▸ Exercise prompt: Reproduce word for word every line from the one containing "Sempervivum arachnoideum Catus" to the final line of the data below; omit the pictures.

▸ Information provided:
• • •

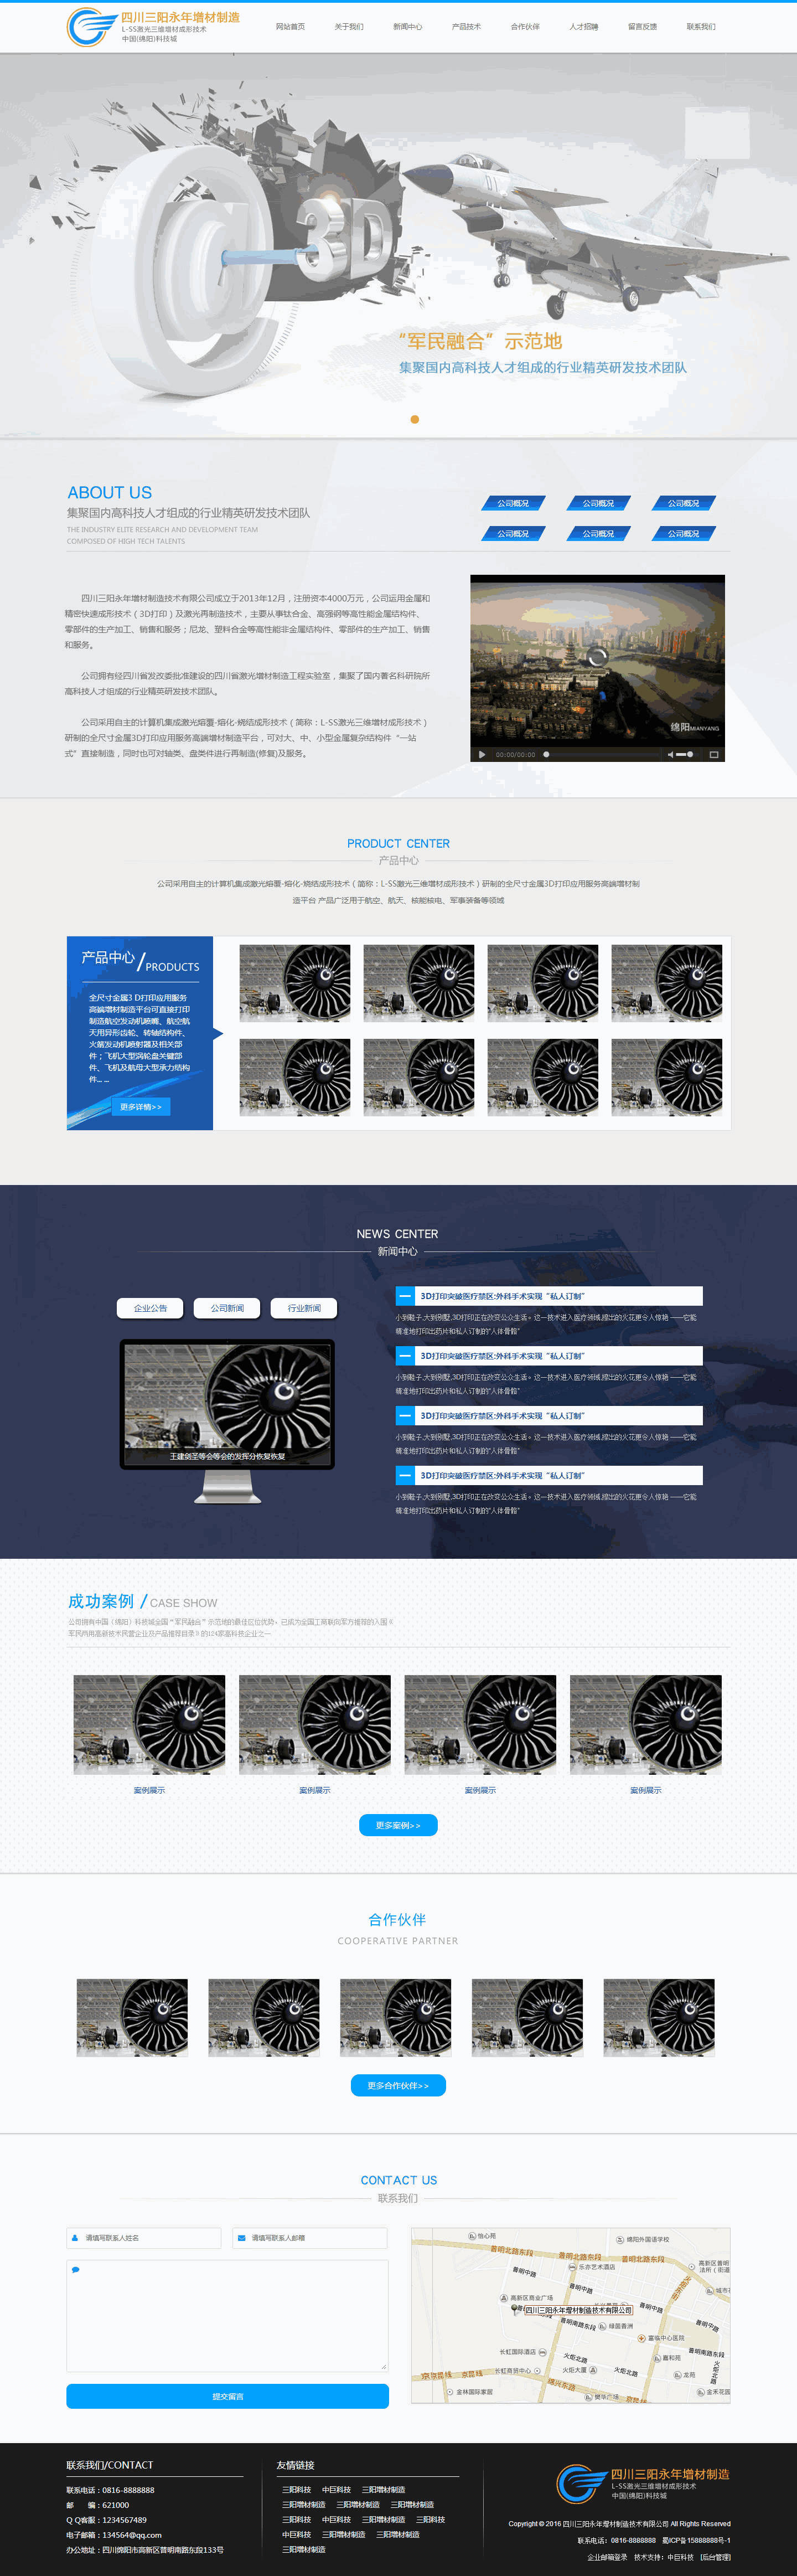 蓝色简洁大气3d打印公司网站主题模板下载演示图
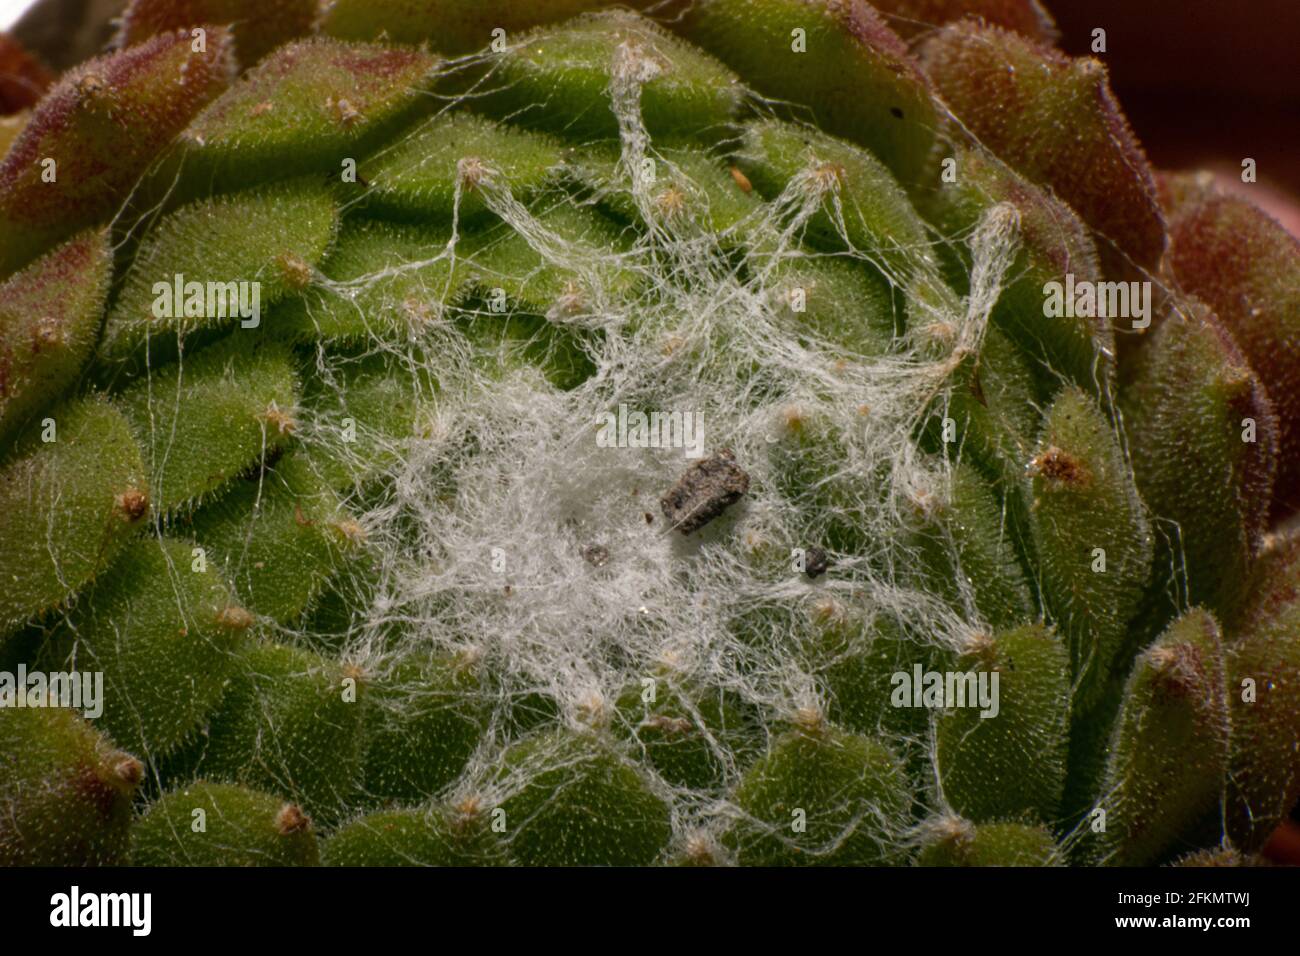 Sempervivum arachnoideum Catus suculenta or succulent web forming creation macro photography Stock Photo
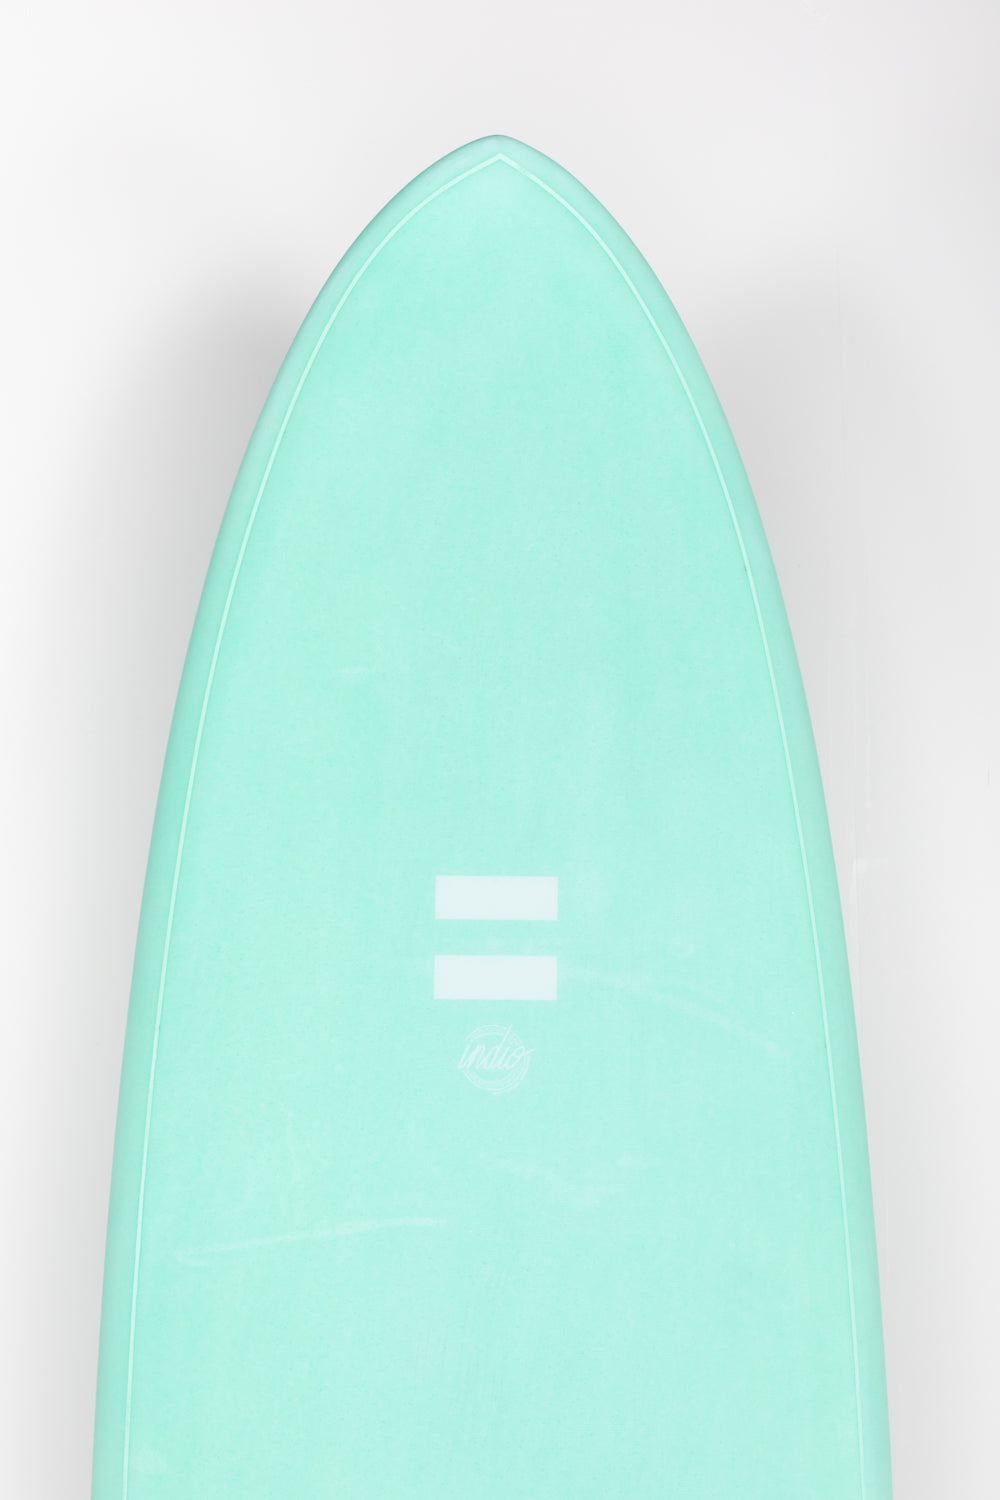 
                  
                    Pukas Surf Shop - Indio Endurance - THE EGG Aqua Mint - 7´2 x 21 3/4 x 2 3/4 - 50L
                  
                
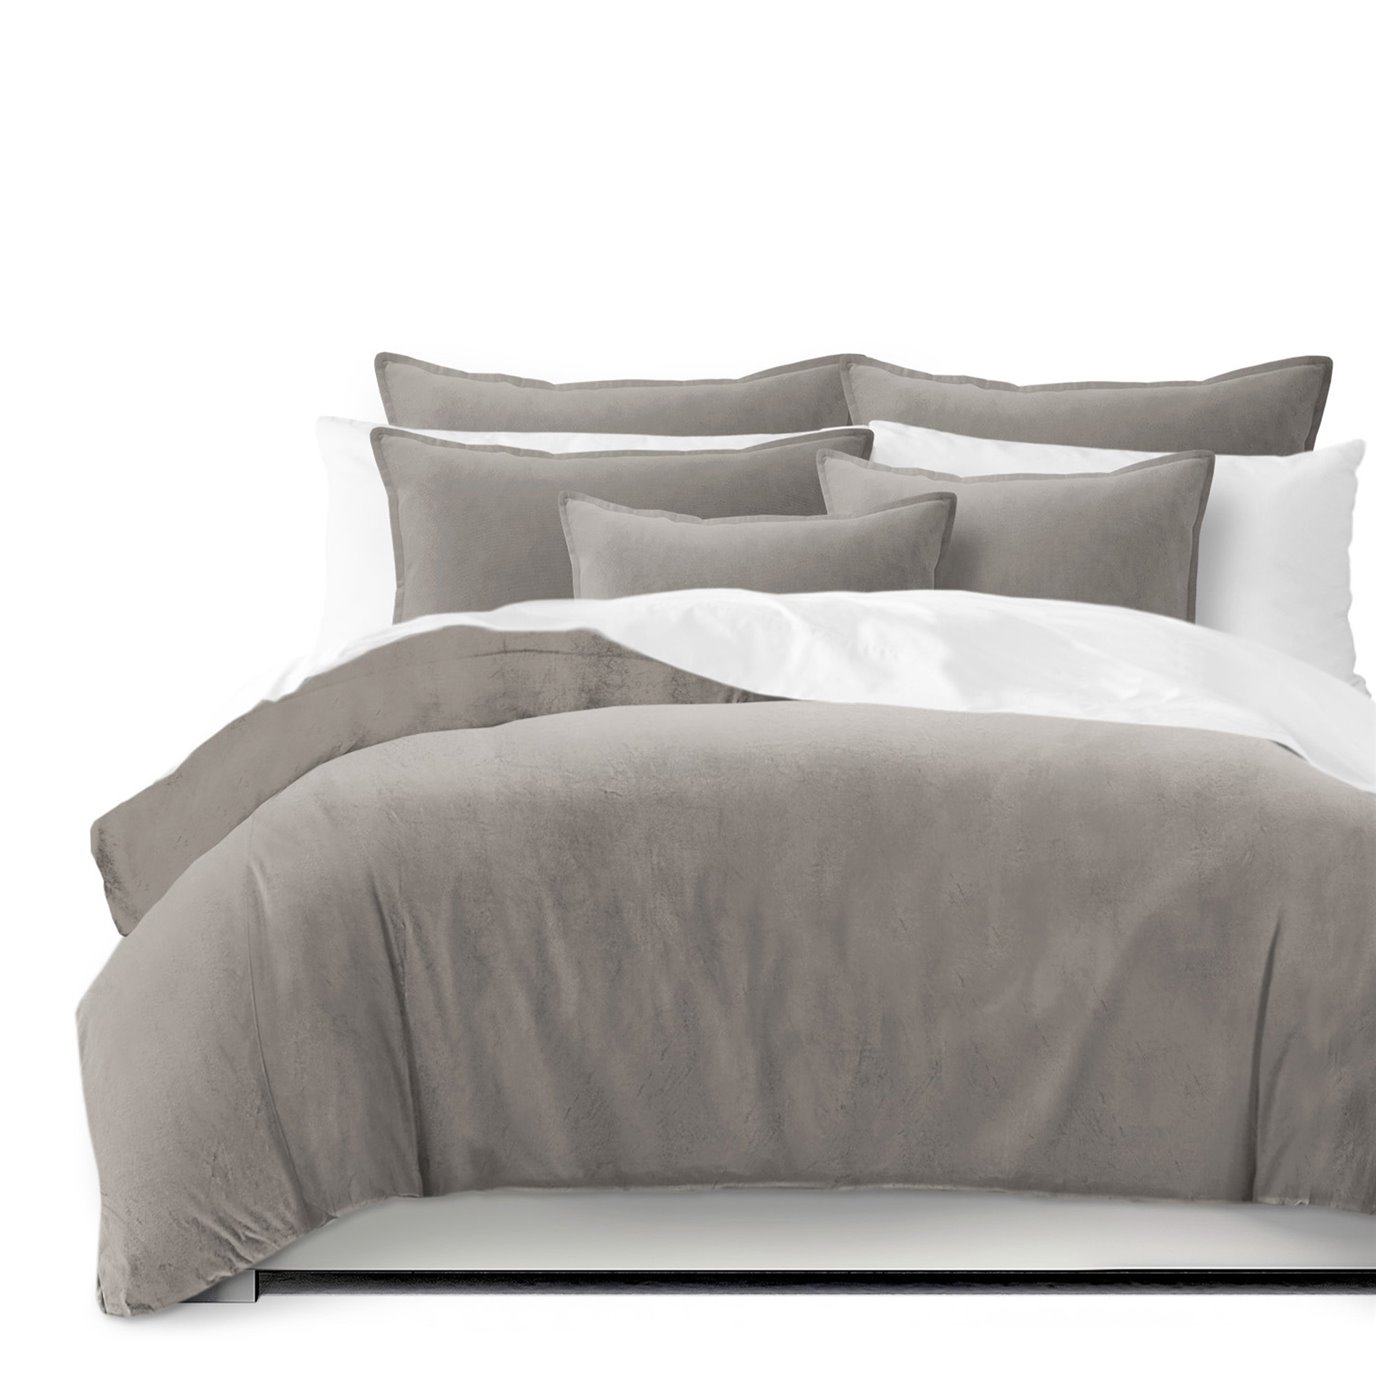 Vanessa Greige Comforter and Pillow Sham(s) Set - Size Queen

• • •

▸ Your solution:
 Sempervivum arachnoideum Catus suculenta or succulent web forming creation macro photography Stock Photo
                  
                    Pukas Surf Shop - Indio Endurance - THE EGG Aqua Mint - 7´2 x 21 3/4 x 2 3/4 - 50L
                  
                
 Vanessa Greige Comforter and Pillow Sham(s) Set - Size Queen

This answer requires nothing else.